Basically, I want to use a script to start other scripts in different directories and do follow up works until all the "child scripts" are finished. I use multiprocessing.Pool to put all the child process together and use wait() to wait until all finished. Here is my script:

import os, shutil, subprocess,sys, multiprocessing

rootdir=os.getcwd()
argument=[]
def Openpy(inputinfo):
    dirpath, filename= inputinfo
    os.chdir(dirpath)
    return subprocess.Popen( [ 'python',  filename ] )

if __name__=="__main__":
    for dirpath, dirname , filenames in os.walk(rootdir):
        for filename in filenames: 
            if filename=='Test.py':
                argument.append( [ dirpath, filename ] )
    print argument
    po=multiprocessing.Pool()
    r=po.map_async(Openpy, argument)
    po.close()
    r.wait()

print 'Child scripts are finished'

The child processes start normally and finish in one minute.
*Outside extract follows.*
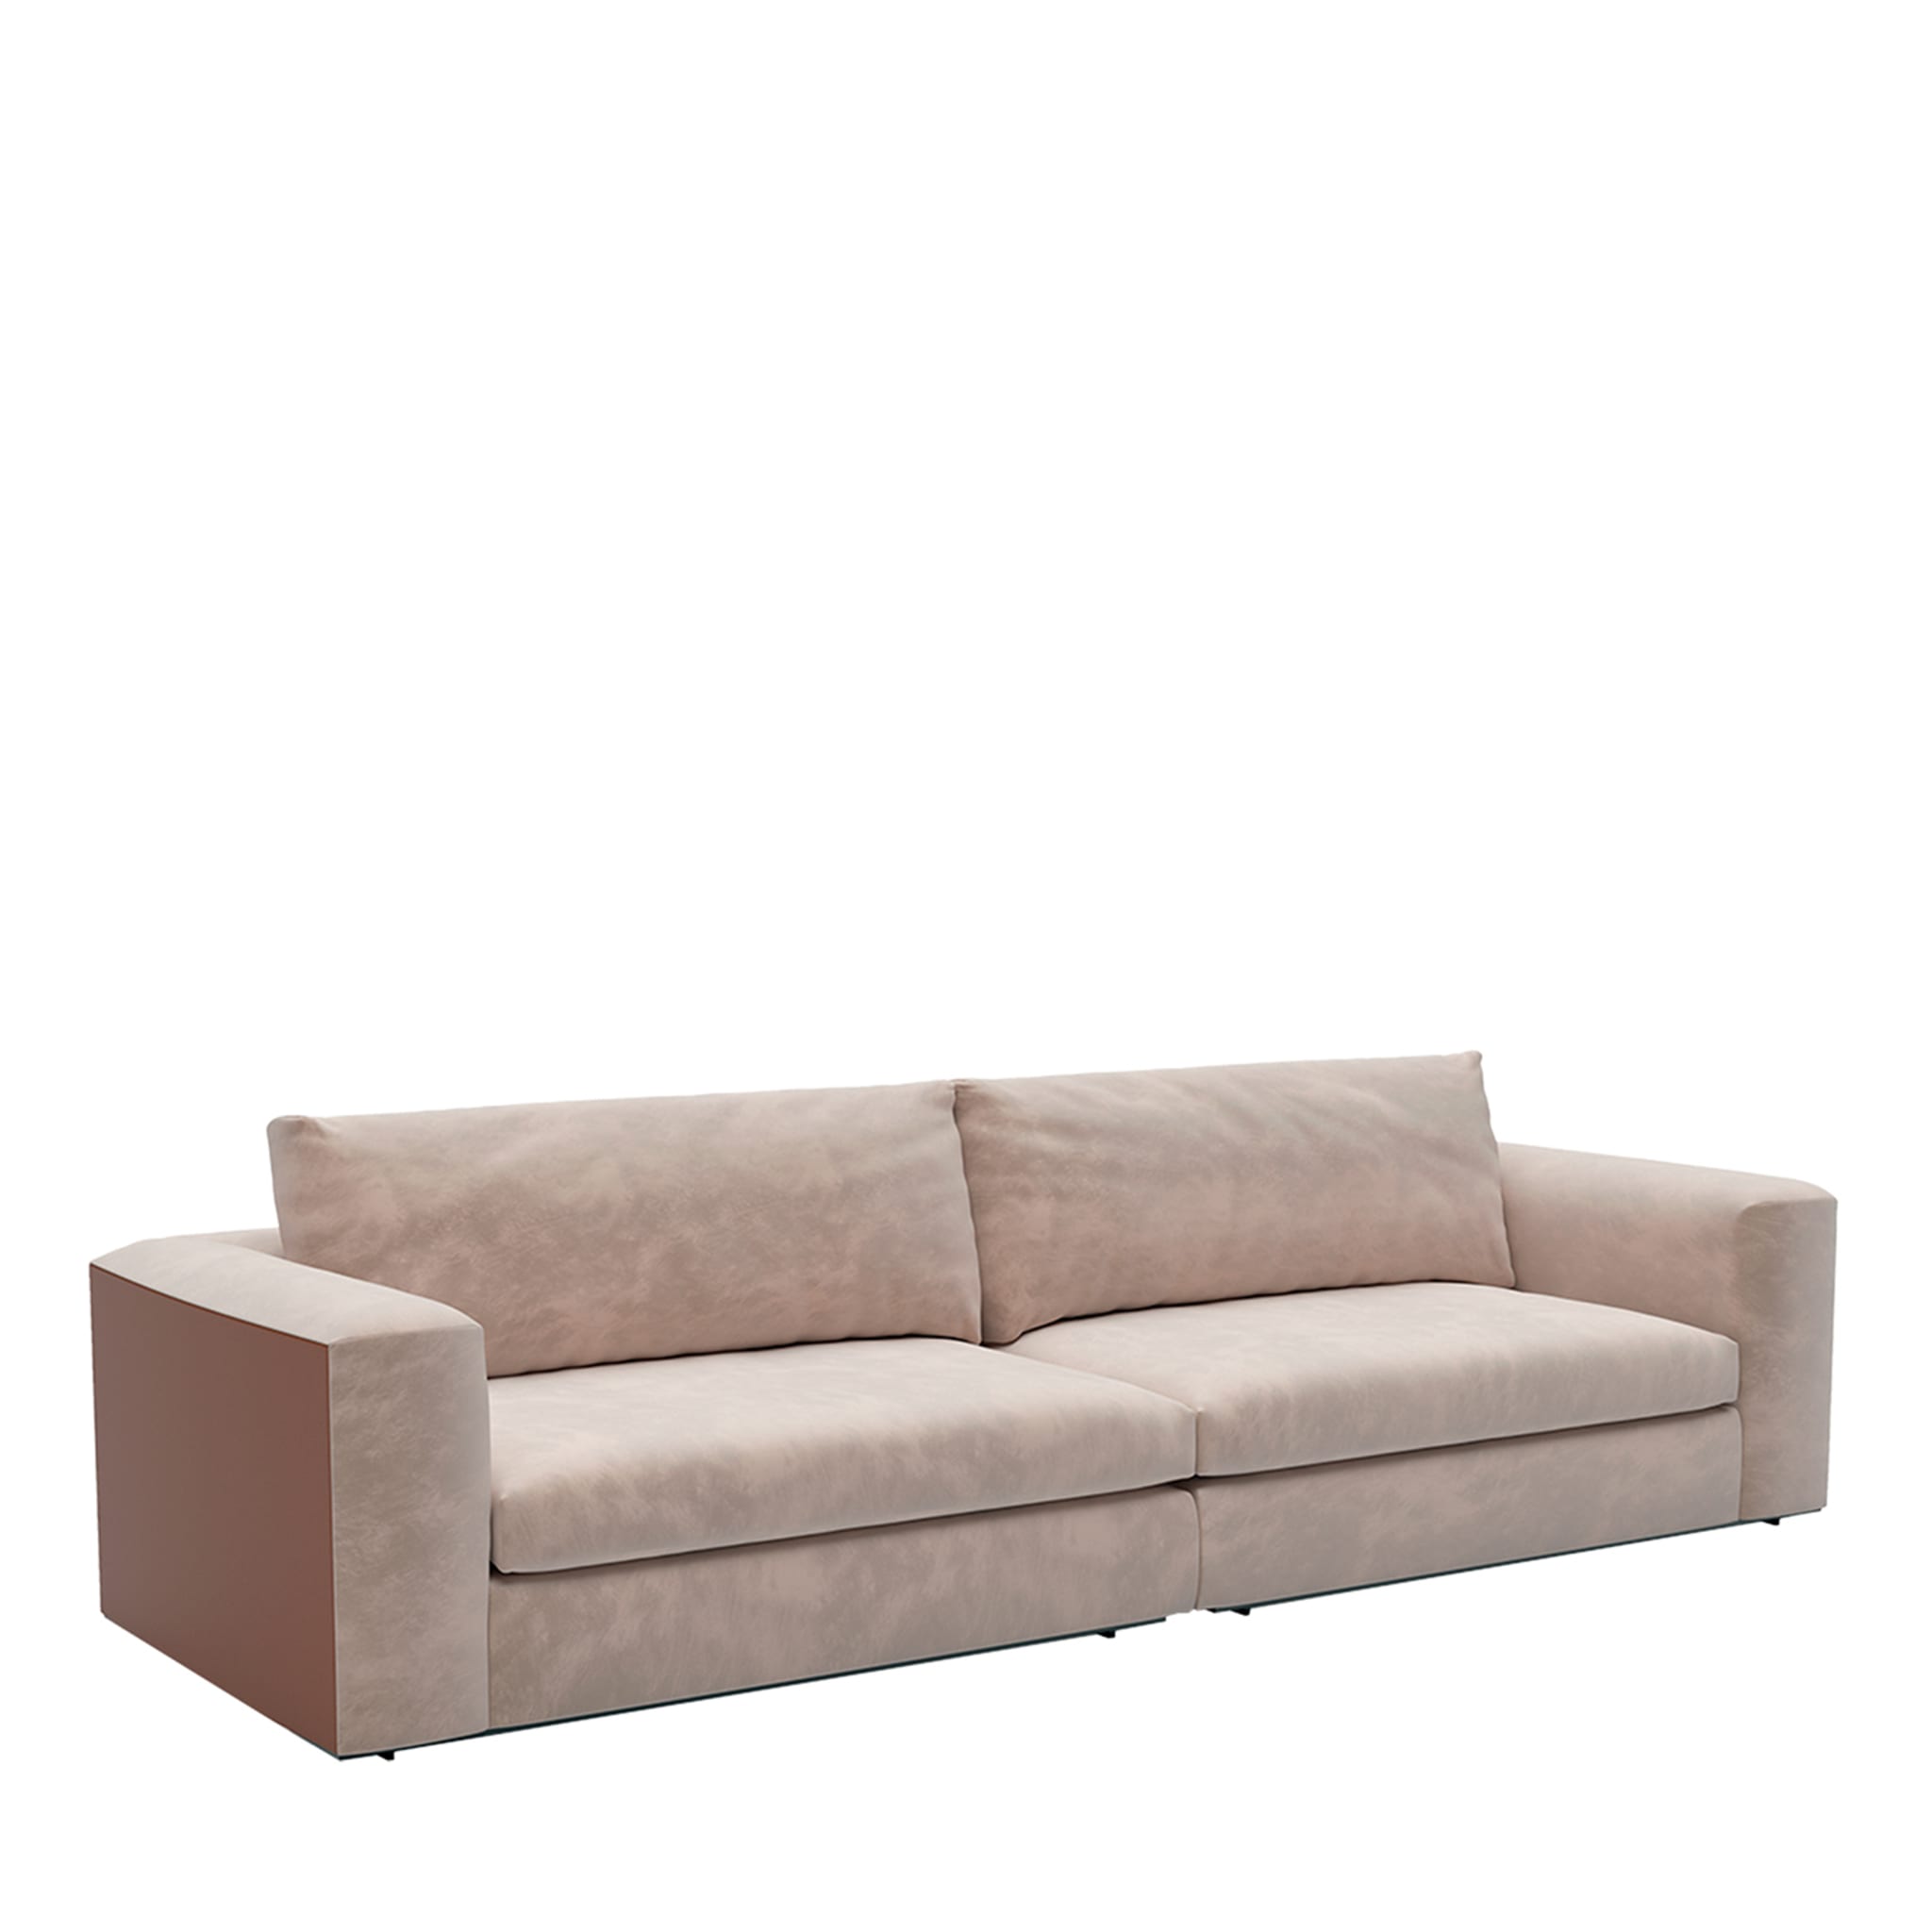 Cosily Modular Sofa #3 - Main view

However, it seems that those child processes do not return its "finished message" to the parent process. It did not show that "Child scripts are finished". What can I do to change my code so that it can detect the end of the child processes properly?

All help is appreciated!

2013/9/1 9:16 UTC+8

JF Sebastian's answer is being accepted. Run successfully and elegant usage of list comprehension makes the whole stuff more readable.

Try swapping the location of r.wait() and po.close()

if __name__=="__main__":
    for dirpath, dirname , filenames in os.walk(rootdir):
        for filename in filenames: 
            if filename=='Test.py':
                argument.append( [ dirpath, filename ] )
    print argument
    po=multiprocessing.Pool()
    r=po.map_async(Openpy, argument)
    r.wait()
    po.close()

It might not be your problem, but it looks like maybe you are closing the pool before the result is evaluated.

Popen() returns immediately so your parent process finishes long before your child scripts ie, look for the "finished message" at the very beginning of the output.

You don't need multiprocessing to run subprocesses concurrently:

import os
import sys
from subprocess import Popen

# run all child scripts in parallel
processes = [Popen([sys.executable, filename], cwd=dirpath)
             for dirpath, dirname , filenames in os.walk('.')
             for filename in filenames
             if filename == 'Test.py']

# wait until they finish
for p in processes:
    p.wait()
print("all done")

See also Python threading multiple bash subprocesses?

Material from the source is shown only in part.